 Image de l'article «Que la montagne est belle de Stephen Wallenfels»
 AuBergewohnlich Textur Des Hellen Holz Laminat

...

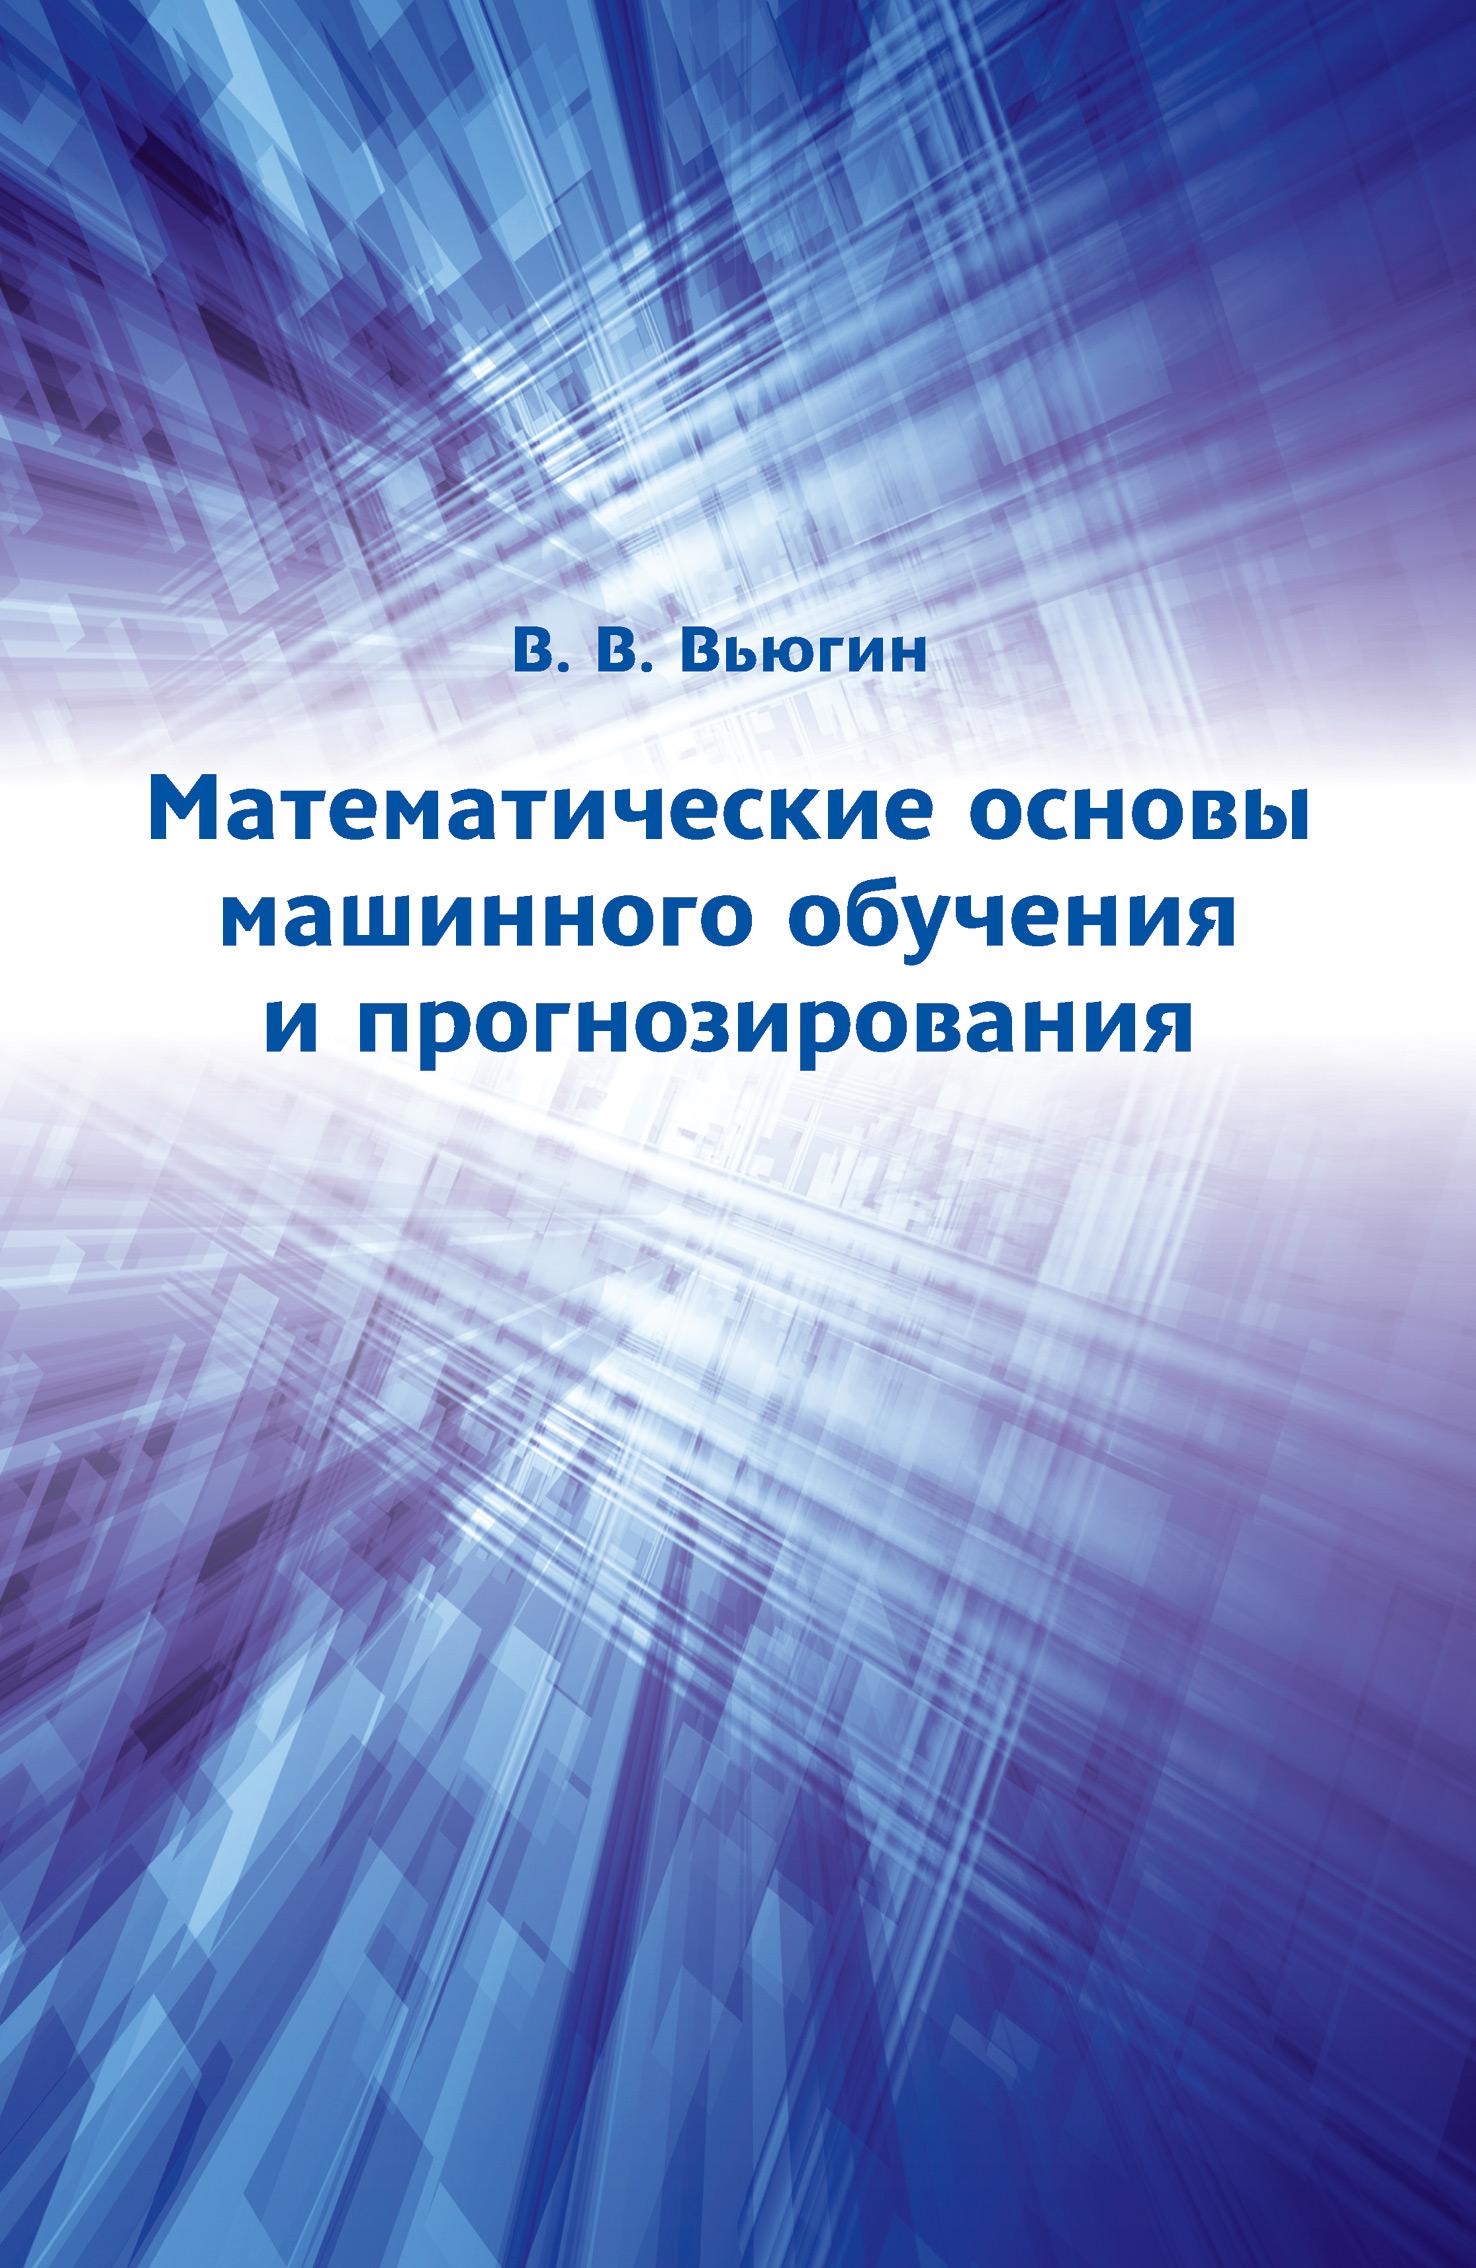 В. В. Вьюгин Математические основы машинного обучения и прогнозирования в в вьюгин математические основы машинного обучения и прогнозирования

* * *

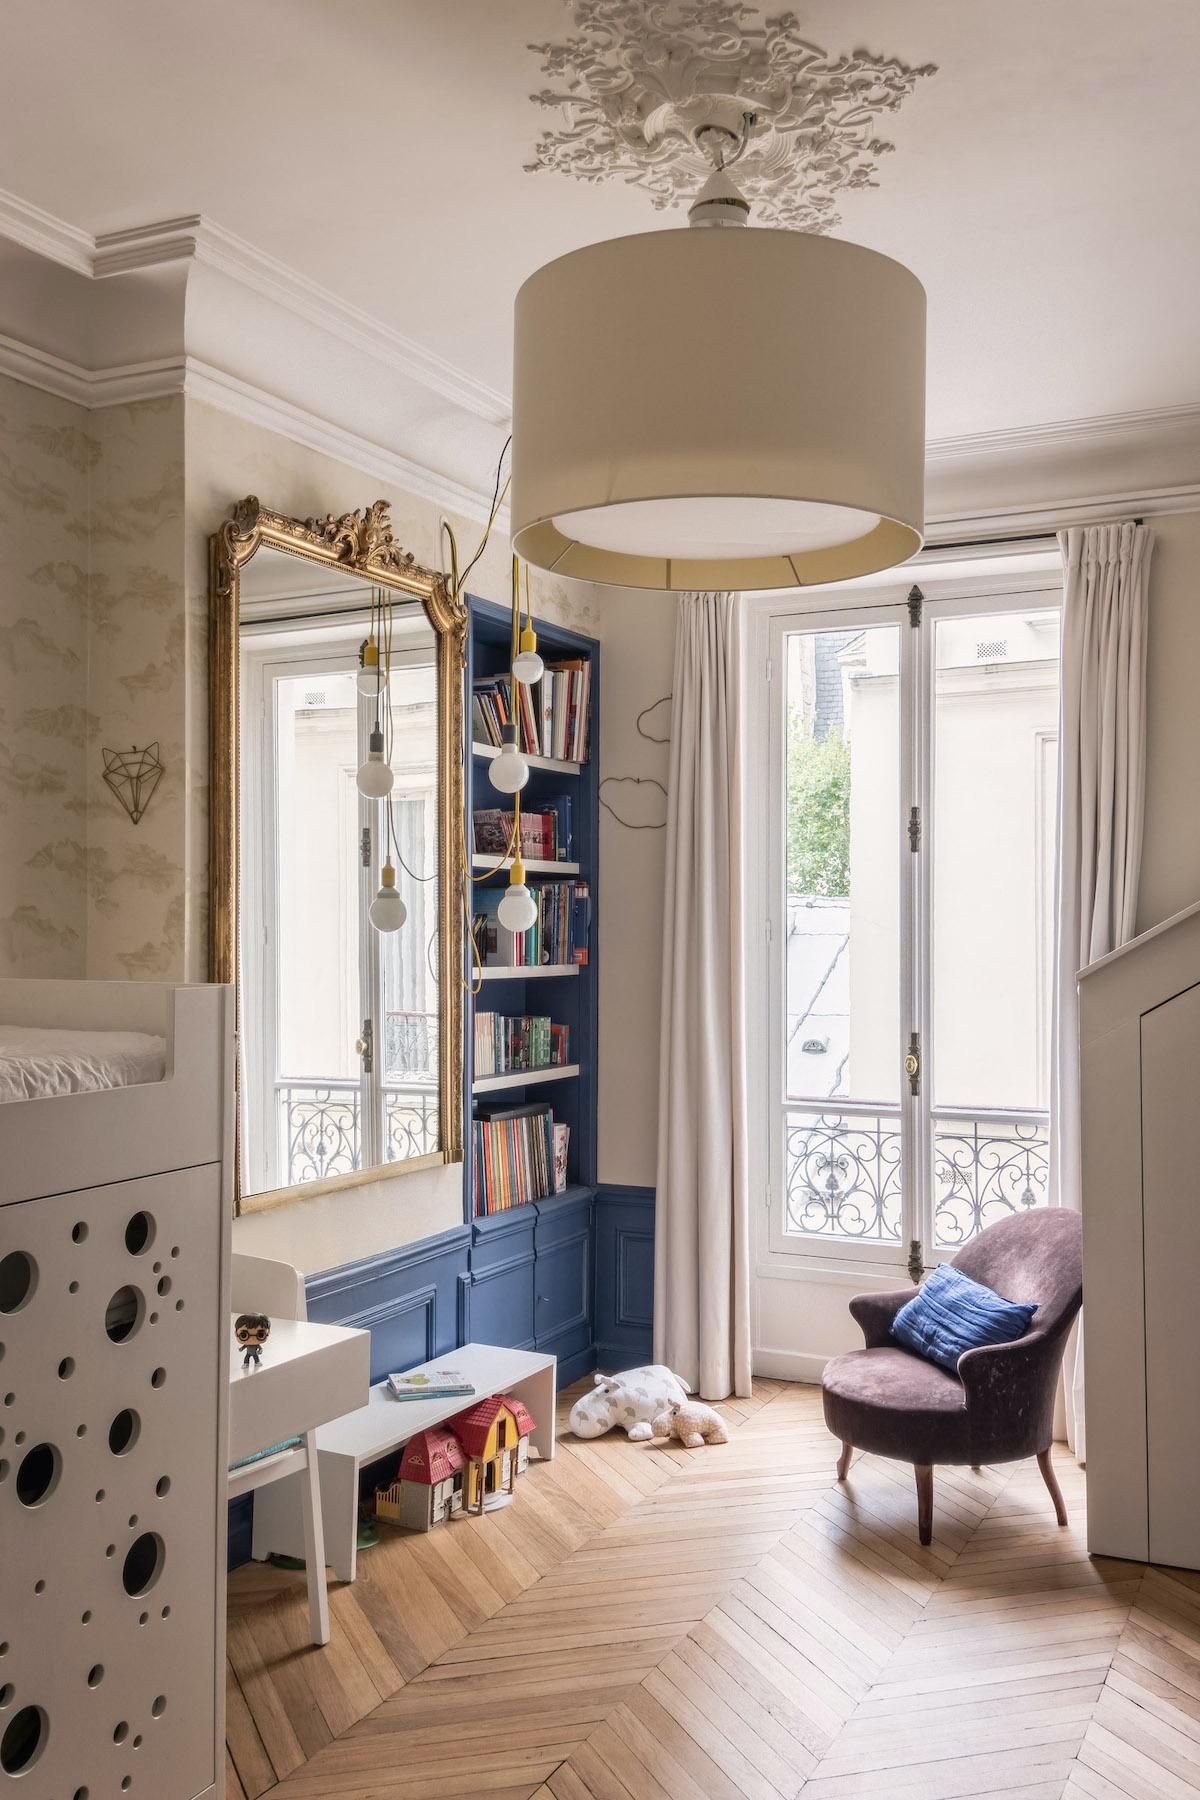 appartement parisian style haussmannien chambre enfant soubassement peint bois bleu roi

#### Exercise instructions
Would you please copy, word for word, everything above from the line containing "Image de l'article" down to the line containing "AuBergewohnlich Textur Des", those two lines included?

#### Result of this task
 Image de l'article «Que la montagne est belle de Stephen Wallenfels»
 AuBergewohnlich Textur Des Hellen Holz Laminat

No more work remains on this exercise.